Le parc national de Lobéké bénéficie d’une gestion participative avancée. Un groupe de 26 gardes-parc issus des villages de la région, incluant deux pygmées Baka, ont été recrutés par le comité décisionnel en fonction de leur intérêt marqué pour la conservation et de leurs talents en communication. L’efficacité de ce groupe de garde réside dans son alliance et sa bonne communication avec les villages voisins. Chaque village possède une unité désignée pour patrouiller son territoire. Selon les observations locales par les villageois, seulement deux ans après le recrutement des gardes-parc, le braconnage avait pratiquement cessé dans le parc national de Lobéké et ses zones tampons (Usongo et Nkanje, 2004).
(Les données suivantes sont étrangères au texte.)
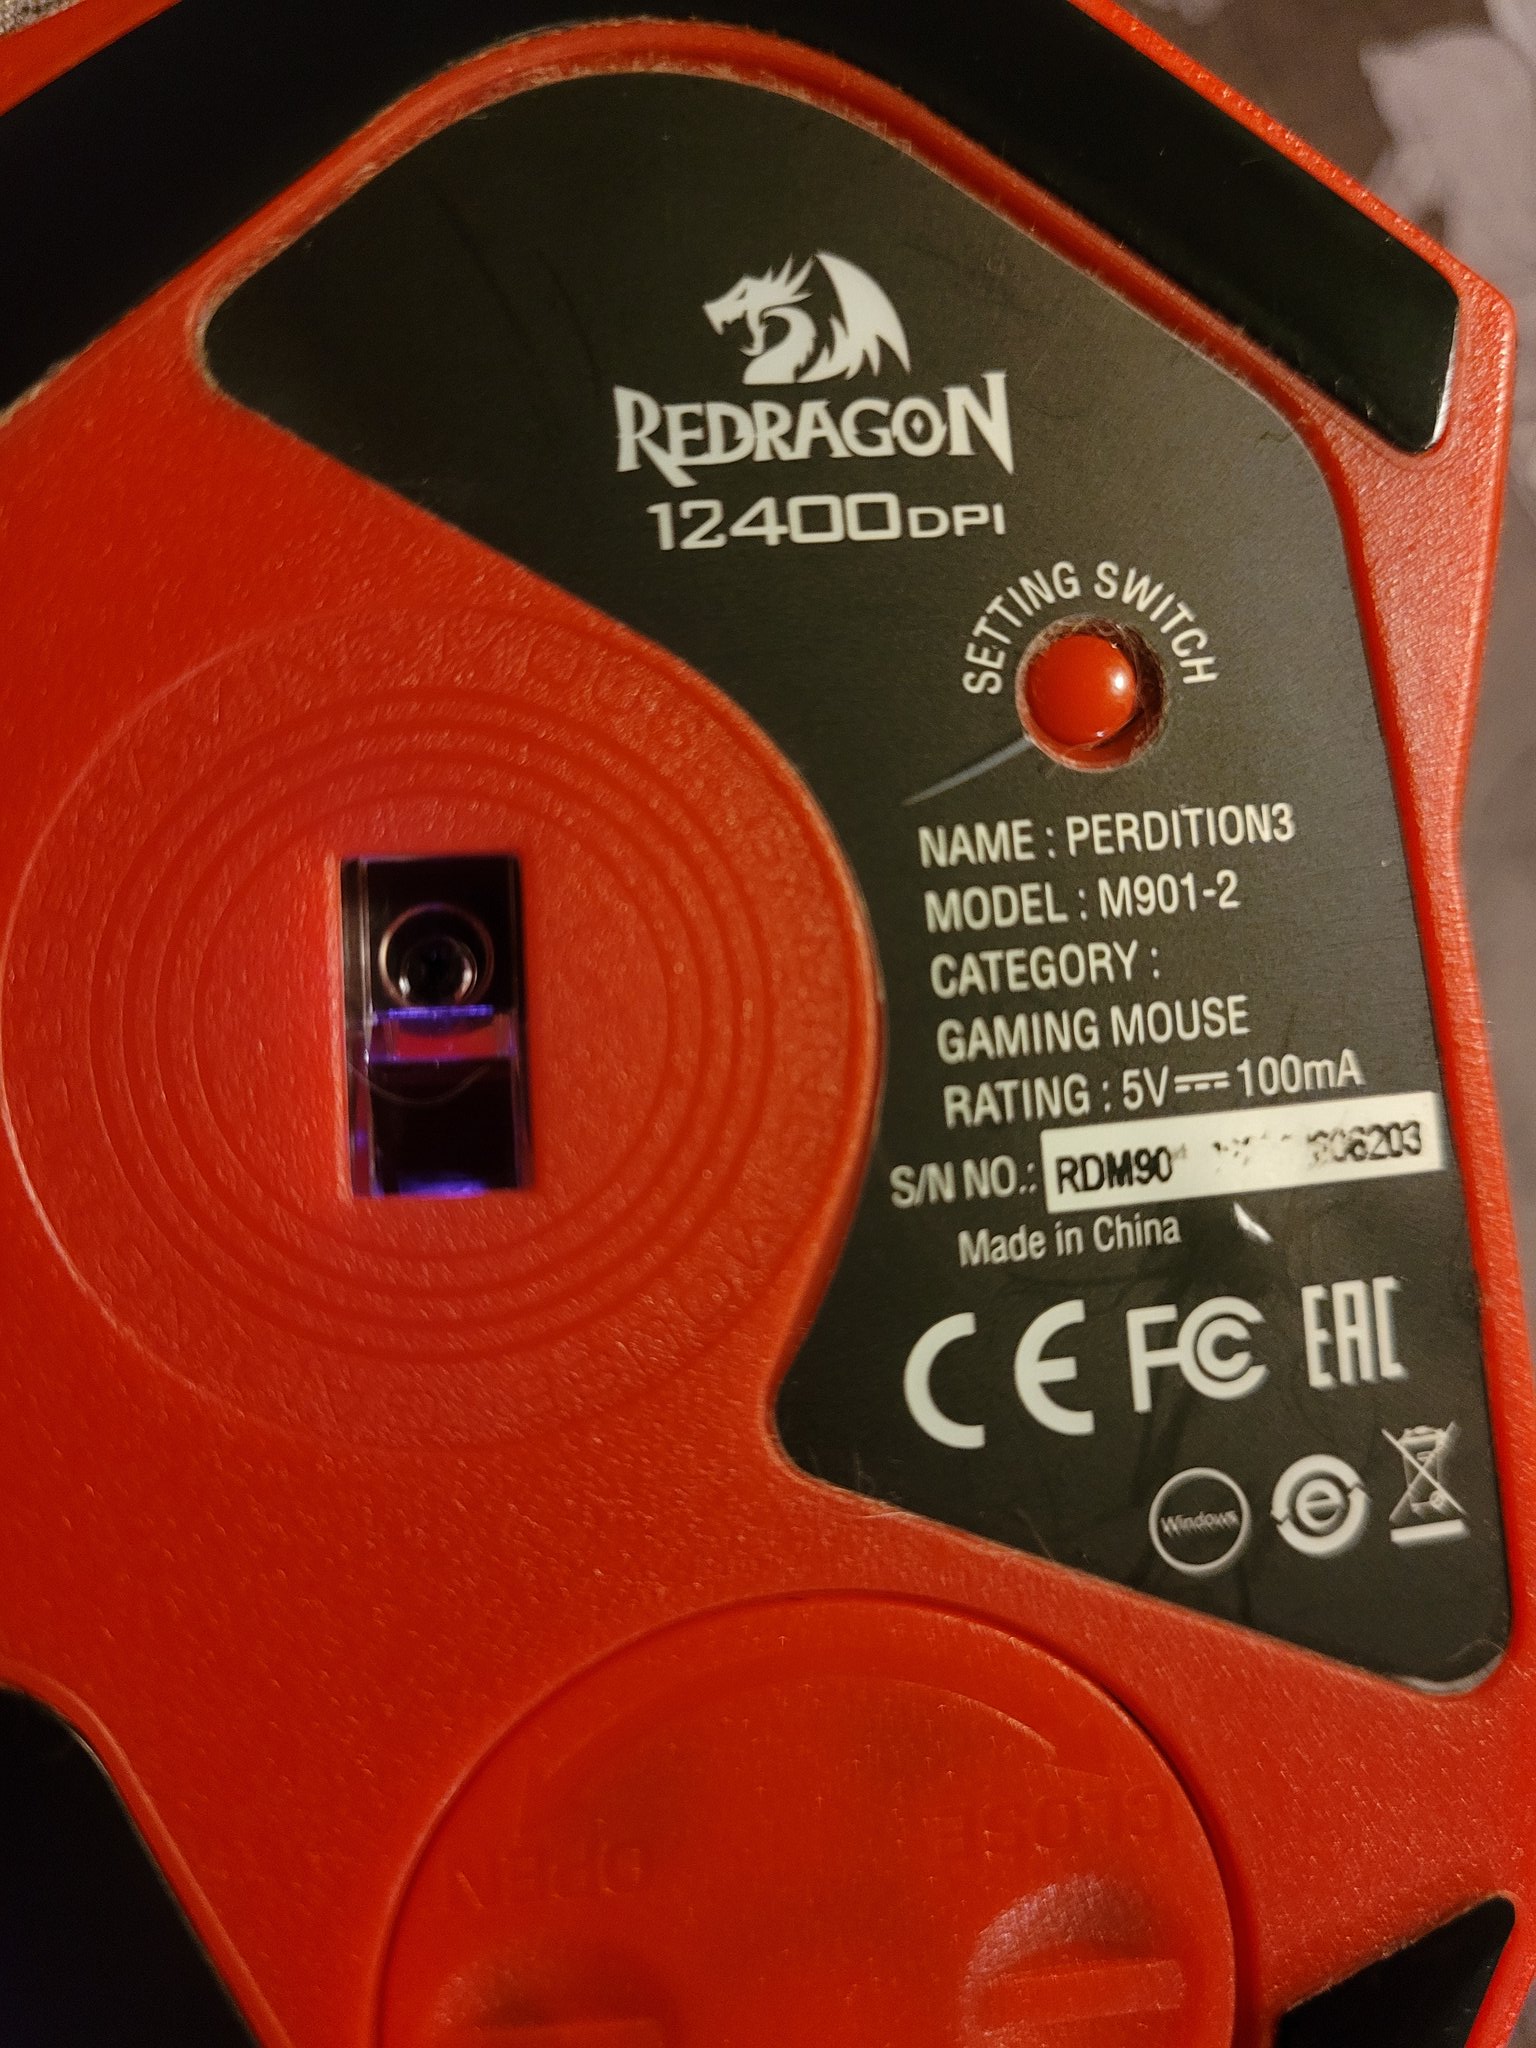 redragon perdition mouse r3wR

Une étude a démontré que l’efficacité de la brigade de gardes du parc national du Serengeti, formée des TANAPA Rangers, des gardes de district et des gardes communautaires a été améliorée par la mise en place d’une gestion participative en zone tampon. Les connaissances locales des gardes communautaires ainsi que leur bonne collaboration avec les communautés ont permis de repérer plus rapidement les braconniers et de maximiser l’efficacité des patrouilles. Cette étude suggère qu’avec une collaboration renforcée entre les trois groupes de gardes et l’autorité du parc national, les taux de détection et d’arrestation seraient grandement améliorés (Holerm et al., 2007).
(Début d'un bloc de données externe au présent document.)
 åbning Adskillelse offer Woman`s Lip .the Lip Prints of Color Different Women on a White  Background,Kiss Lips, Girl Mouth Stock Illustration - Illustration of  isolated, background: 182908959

Cependant, si la gestion participative ne permet pas un réel support local envers la conservation, l’efficacité de la brigade de gardes-parc n’est pas assurée. Dans le parc national du Mont Elgon, des lacunes dans l’implantation de la gestion participative dont l’imposition forcée des accords et le manque de pouvoir décisionnel attribué aux communautés n’ont pas

permis d’obtenir le support local. Au contraire, les communautés locales offrent une forte résistance envers le mécanisme de renforcement de la protection, et ce malgré l’implantation de la gestion participative. Effectivement, les communautés utilisent une panoplie de moyens afin de conserver un accès illégal aux ressources naturelles tout en conservant une image positive au sein du parc national. Par exemple, elles signent des accords de gestion sans les respecter, ce qui sous-estime le nombre d’activités illégales, laissent les sentiers et les routes en mauvais état, ce qui nuit aux patrouilles, soudoient certains gardes-parc afin de continuer à exercer leurs activités illégales et confrontent physiquement les gardes-parcs non corrompus créant des zones inaccessibles aux patrouilleurs (Norgrove et Hulme, 2006).
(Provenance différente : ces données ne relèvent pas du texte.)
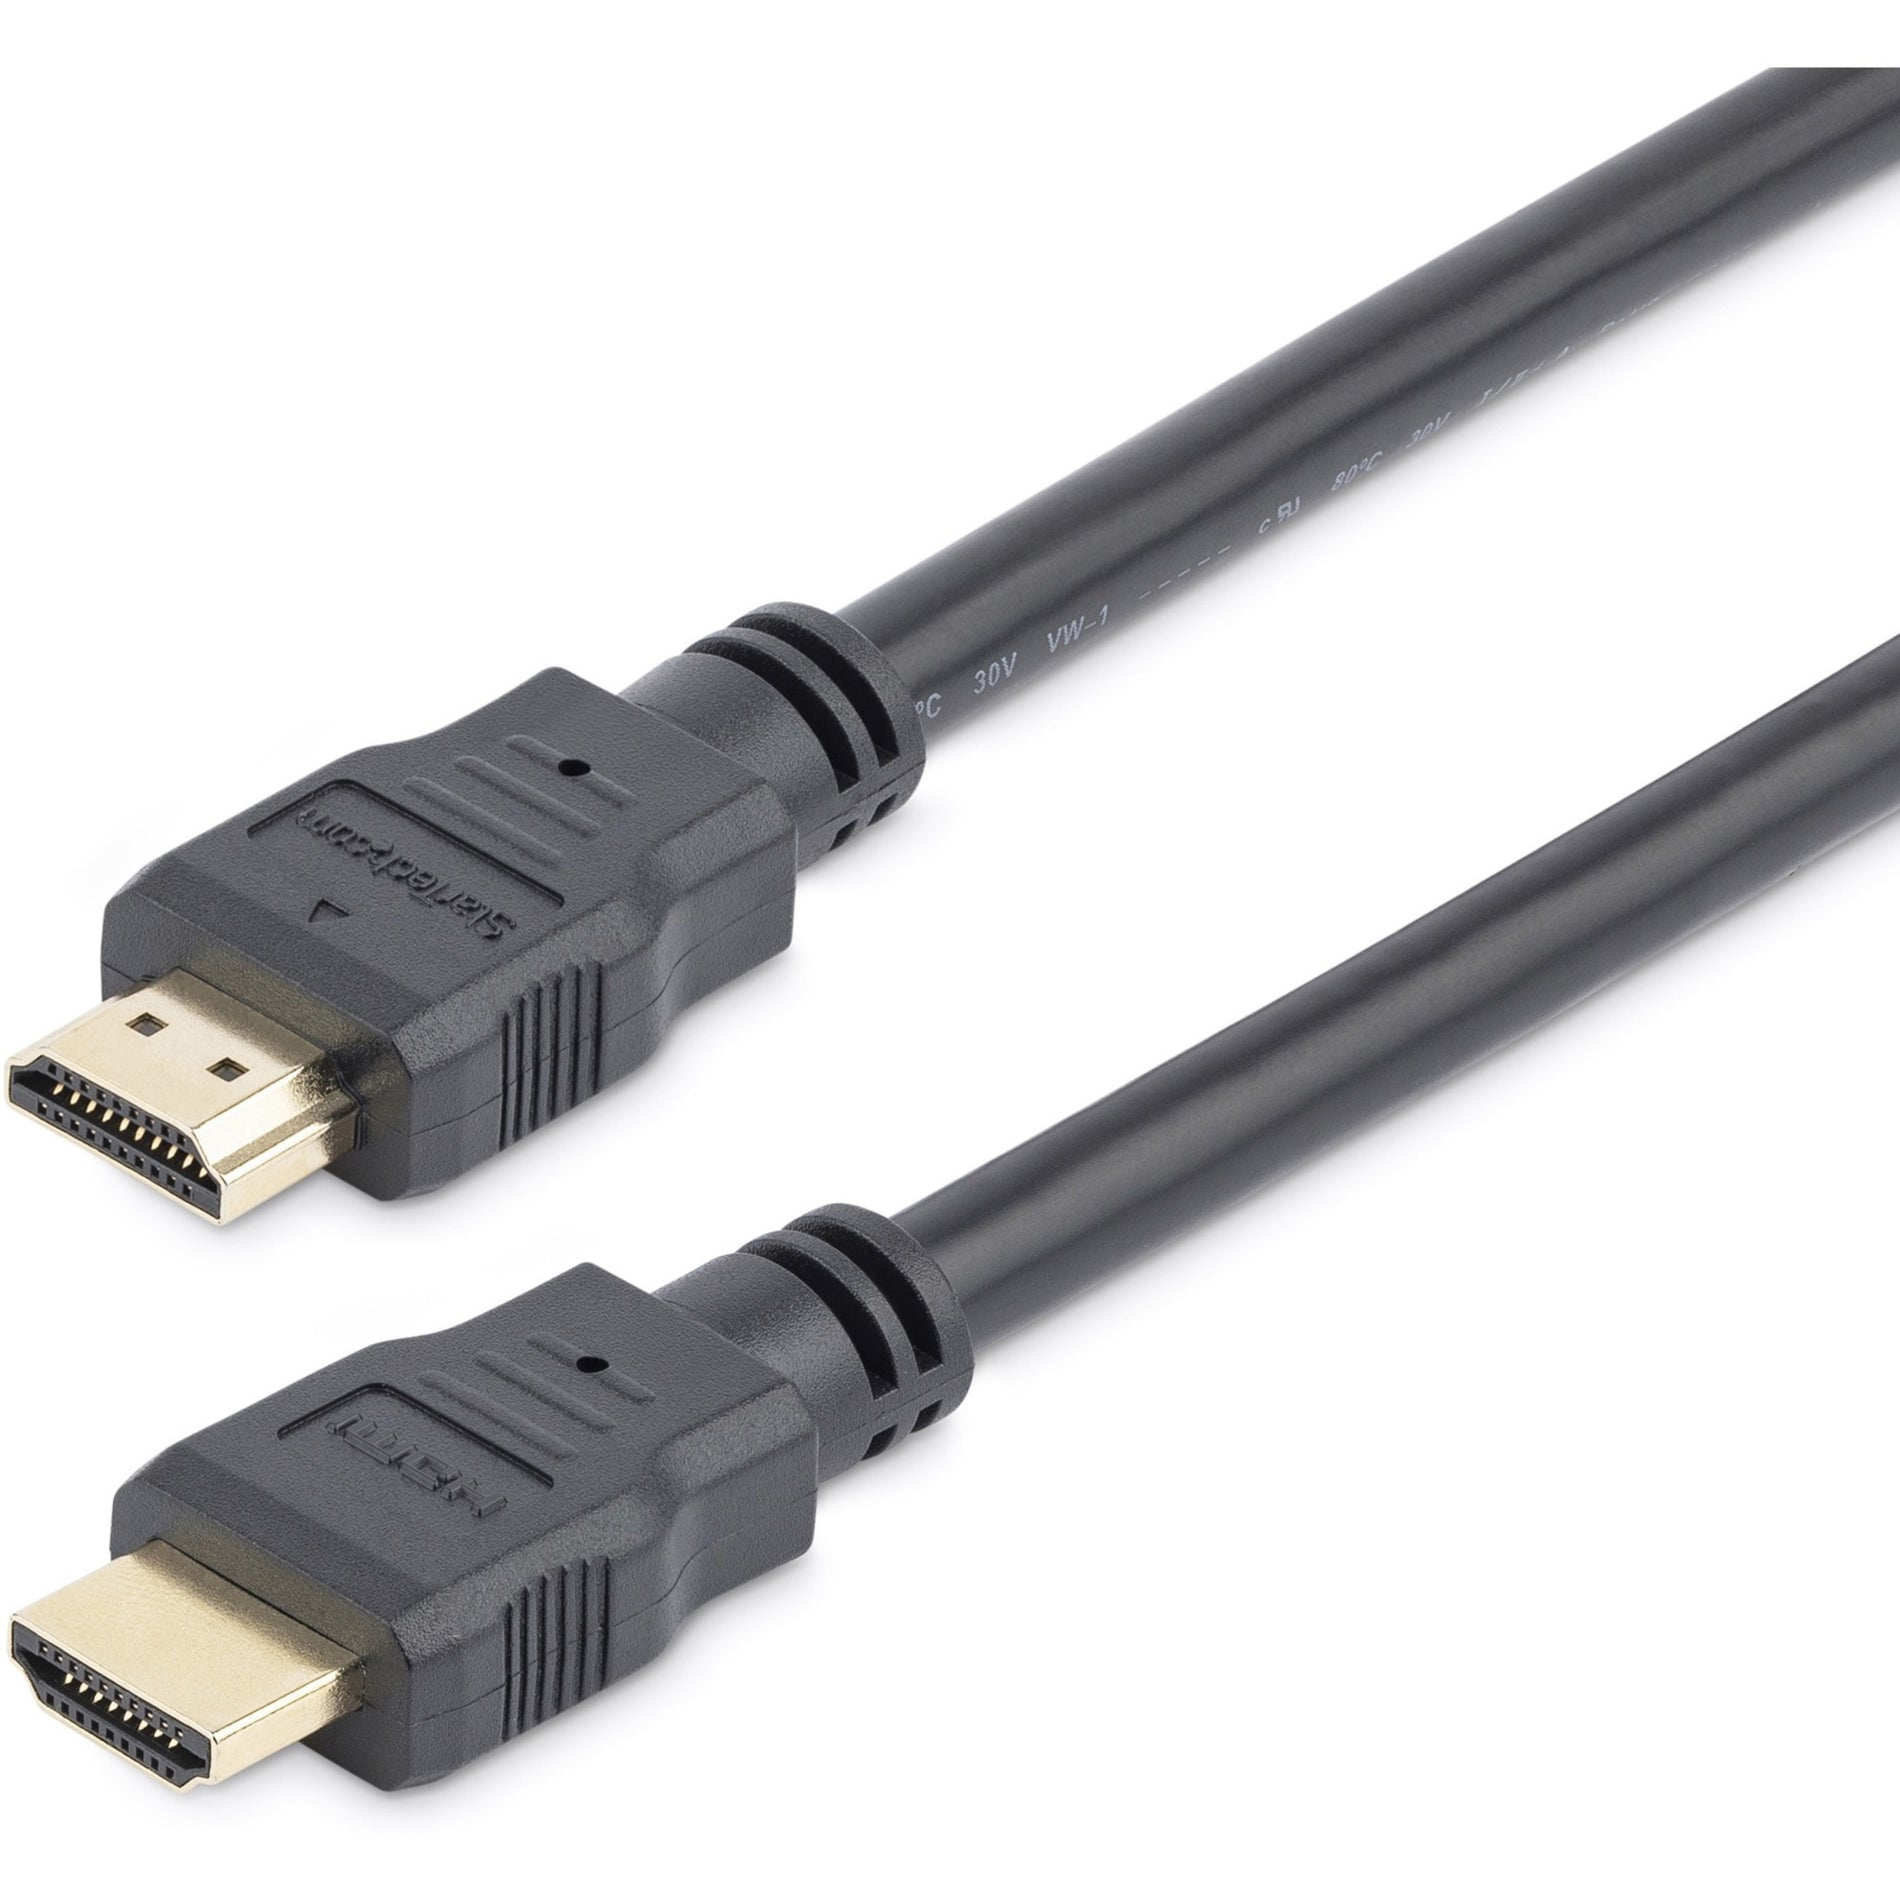 StarTech.com HDMM5M 5m High Speed HDMI Cable - Ultra HD 4k x 2k HDMI Cable, Molded, Corrosion Resistant, Strain Relief, Gold Plated Connectors

Somme toute, le mode de gestion participative engendre un impact positif intermédiaire sur l’efficacité des gardes-parc grâce aux connaissances des gardes communautaires et au réseau de surveillance créé avec les communautés locales. L’importance de cet impact dépend une foi de plus du niveau de support local et des ressources financières disponibles. Néanmoins, le mode de gestion participative offre une alternative peu coûteuse et durable au mécanisme de protection conventionnel. Effectivement, l’augmentation de l’efficacité des gardes-parc limite les coûts d’opération du renforcement de la protection dans les parcs nationaux. De plus, le mode de gestion participative favorise une approche socialement sensible ce qui rend le mécanisme de protection moins controversé et plus acceptable.